The Zhukaigou culture was a late Neolithic and early Bronze Age culture centered in the Ordos Plateau of Inner Mongolia, China. The type site at Zhukaigou was discovered in Ejin Horo Banner, Inner Mongolia, and excavated from 1977 to 1984.

Zhukaigou culture is a reputed progenitor of the Ordos bronze culture and accordingly a first “Northern Zone” culture, extending to northern and central Inner Mongolia, northern Shaanxi, and northern Shanxi, with the Ordos region at its center. Transition to metalworking is dated to around the end of the third millennium BCE, at the same time was attained a higher level in the ceramic. Zhukaigou culture lasted to c. 1500 BCE.

The culture appears to have begun as one of hunter-gatherers, followed by an agricultural phase, which following environmental degradation and perhaps the domestication of the horse, increasingly depended on pastoralism, perhaps the nomadic pastoralism of the succeeding Ordos culture.

The Zhukaigou culture is associated with about 327 burials, with recent maternal genetic evidence showing that they were related to the remains from Yinniugou, as well as modern populations like Daurs and Evenks.

The archaeological finds at the site are similar to those of the lower Xiajiadian culture. These finds are important as they are associated with the development of snake pattern designs on the decoration of weapon and animal-depicting artifacts which later would become a characteristic style of the Ordos.

Archaeologists have divided the culture into five phases, corresponding with the late stage of the Longshan culture, the early, middle and late stages of the Erlitou culture and the early stage of the Erligang culture.

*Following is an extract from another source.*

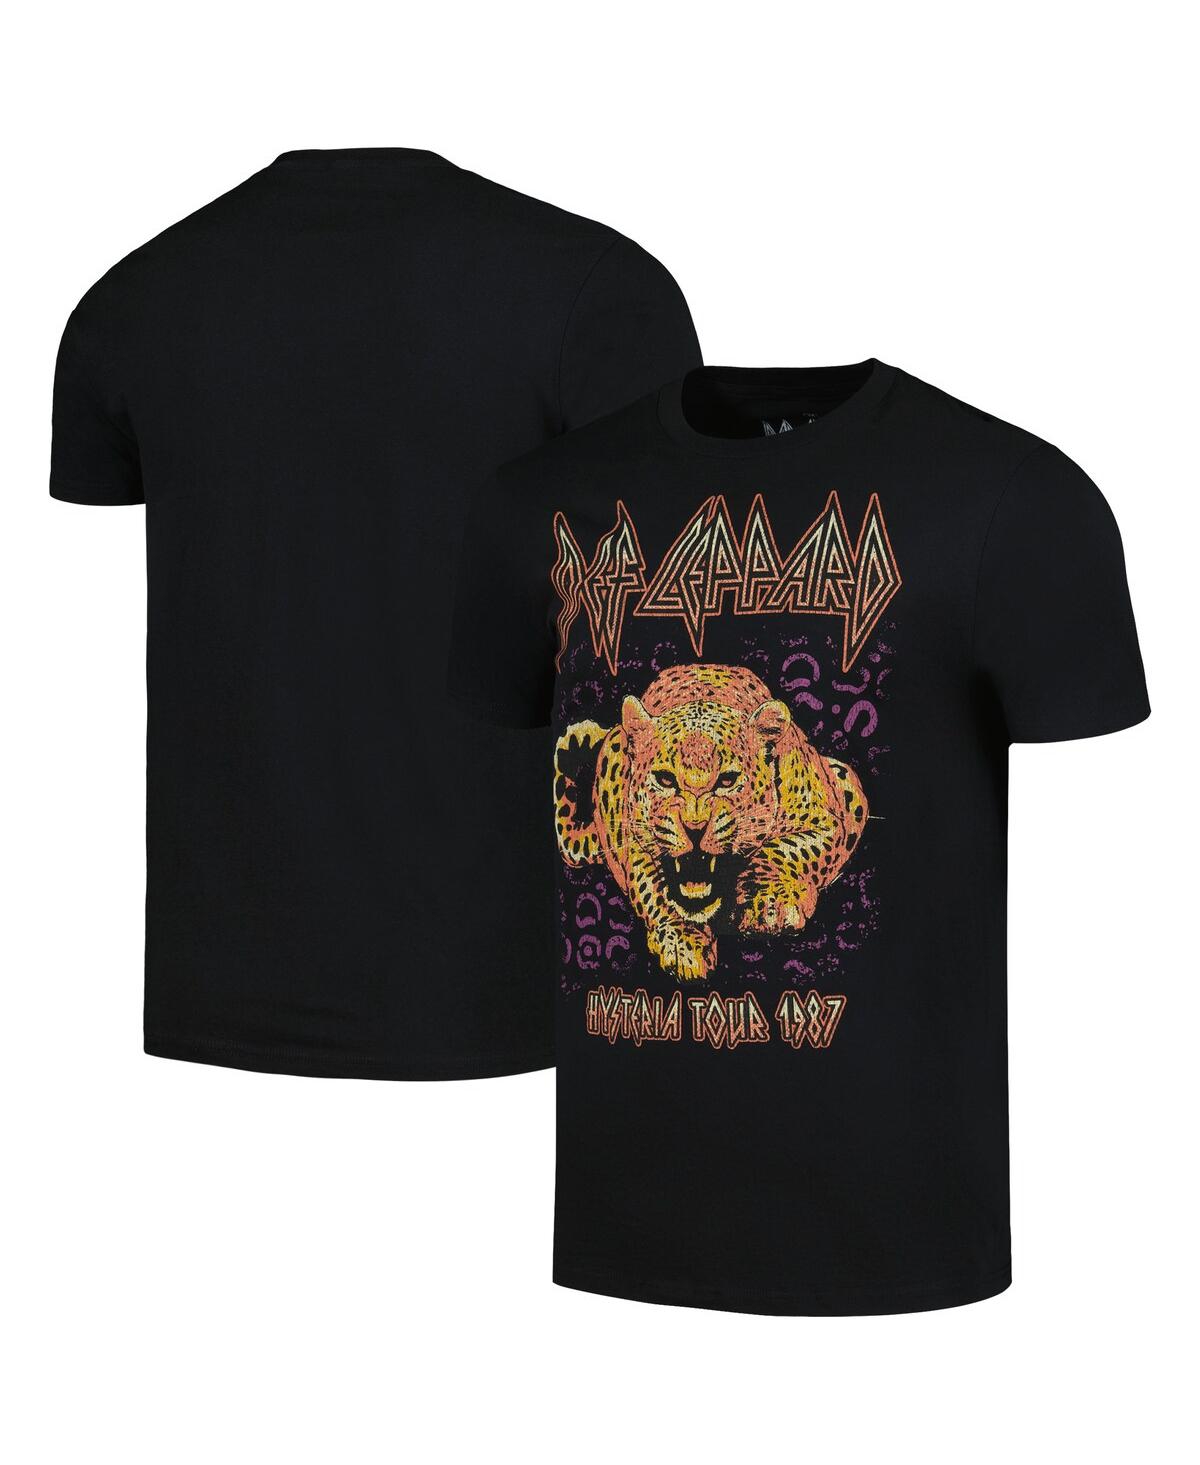 Men's Black Def Leppard Hysteria Tour 1987 Graphic T-shirt - Black

The early phase of the culture was influenced by the Longshan culture, while the middle phases were influenced by the Qijia culture; it was during this time frame when bronze artefacts begin to appear in the material culture. At this point Zhukaigou people were agriculturalists, with millet as a main staple, they also had sheep, pigs, and cattle.

By the second millennium BC, the Zhukaigou people started using oracle-bone divination, a practice that was closely associated with Shang culture and statecraft. Shang-type artifacts suggest that around the mid-second millennium BCE increased contacts between the local Zhukaigou people and the Shang, or that the Shang culture extended northward. Shang ritual vessels, such as ding and jue, and weapons appear there during the Erlitou (2100–1800 [1500?] BCE) and Erligang (c. 1500–1,400 BCE) periods.

Bronze objects dated to the last period of existence of Zhukaigou culture c. 1500 BCE point to native production of a mixed complex of bronze objects that included typical “Northern Zone” items like daggers, with typical Shang ge dagger-axes, and knives that reveal both Shang and northern features.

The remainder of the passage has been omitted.